Items 4 and 5 are still under development. But we will do the first three today.

  1. I chose to use YAML for DSL as it is human readable and easy to understand. Here is a simple example of a DSL structure to describe the menus, logic, and transitions of a Telegram bot:

bot:
  token: YOUR_TELEGRAM_BOT_TOKEN
  start_message: Welcome to the sample bot!

states:
  START:
    actions:
      - type: send_message
        text: "Choose an option:"
      - type: show_keyboard
        options:
          - text: Show random number
            target_state: RANDOM_NUMBER
          - text: Tell a joke
            target_state: JOKE

  RANDOM_NUMBER:
    actions:
      - type: send_random_number
        min: 1
        max: 100
        text: "Here's a random number between 1 and 100: {}"
      - type: back_to_start
        text: Back to main menu

  JOKE:
    actions:
      - type: send_joke
        text: "Here's a funny joke: {}"
      - type: back_to_start
        text: Back to main menu

In this example, the YAML file is structured into different sections:

  1. bot: Contains bot-specific information such as token and start message.

  2. states: Represents various states or menu items of the bot. Each state has a unique identifier (for example, START, RANDOM_NUMBER, JOKE) and contains a list of actions.

  3. actions: Defines the actions to be performed when the user interacts with the bot in a certain state. Actions include sending a message, showing a keyboard, sending a random number, and more.

Field type In chapter actions specifies the type of action to be performed, such as sending a message or showing a keyboard. Field target_state is used to define the state to go to when the user selects a certain option.

This is a simple DSL that can be extended to include more complex logic and additional actions. Over time, it will be possible to tie some kind of plugin to Miro or Figma. The next step is to create a parser that can read this DSL and generate the necessary Python code using the aiogram library.

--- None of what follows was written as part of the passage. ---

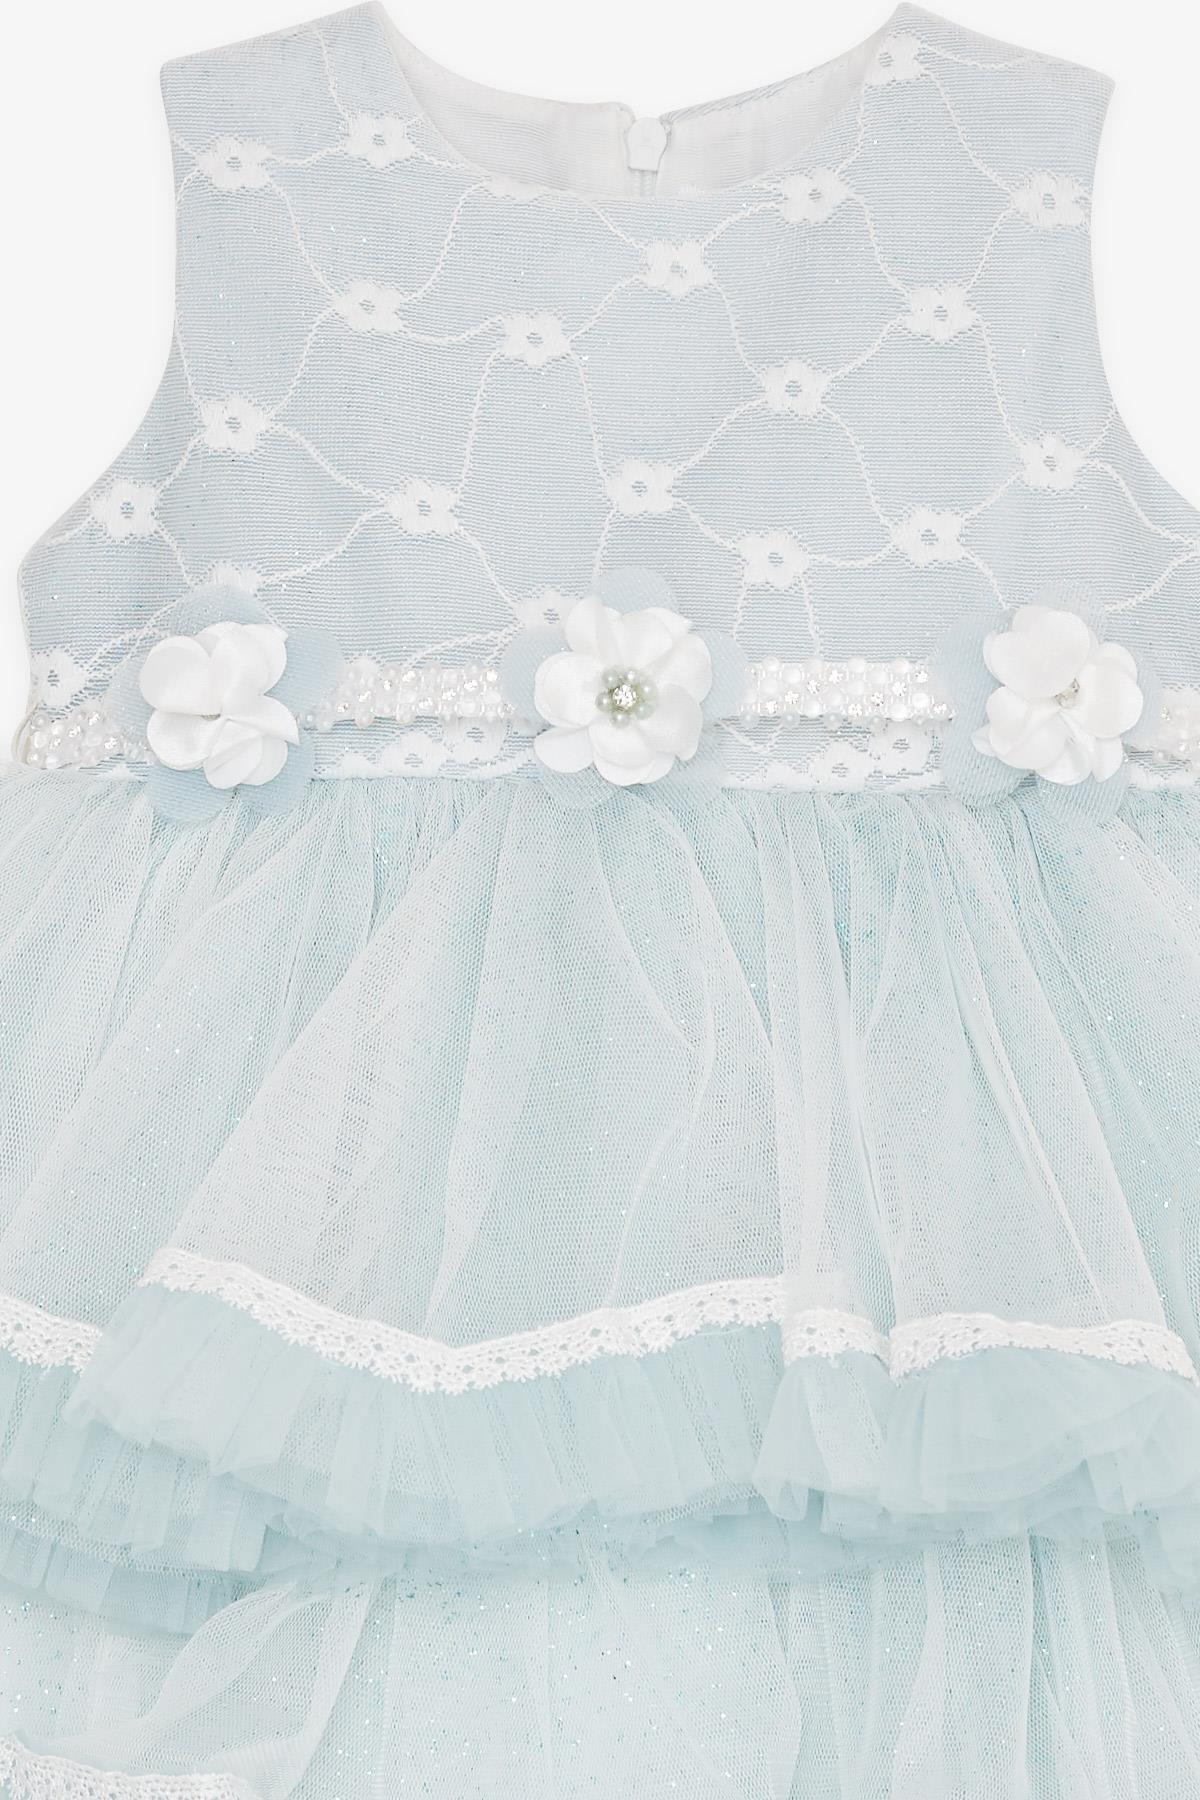 Kız Bebek Abiye Elbise Tüllü Güpürlü Çiçek Aksesuarlı Açık Mavi 6 Ay-2 Yaş  - Şirin Yazlık Elbise Modeller | Breeze

To create a parser that can read and interpret the YAML DSL, we can use the library PyYAML to load a YAML file and further process the data. Below is a simple parser implementation:

import yaml


class BotDefinition:
    def __init__(self, yaml_file):
        with open(yaml_file, "r") as f:
            self.data = yaml.safe_load(f)

    def get_bot_token(self):
        return self.data["bot"]["token"]

    def get_start_message(self):
        return self.data["bot"]["start_message"]

    def get_states(self):
        return self.data["states"]


def parse_bot_definition(yaml_file):
    return BotDefinition(yaml_file)


if __name__ == "__main__":
    bot_definition = parse_bot_definition("example.yaml")
    print(bot_definition.get_bot_token())
    print(bot_definition.get_start_message())
    print(bot_definition.get_states())

In this implementation, the class BotDefinition is responsible for loading and processing the YAML file. Function parse_bot_definition takes the path to the YAML file as an argument and returns an object BotDefinition.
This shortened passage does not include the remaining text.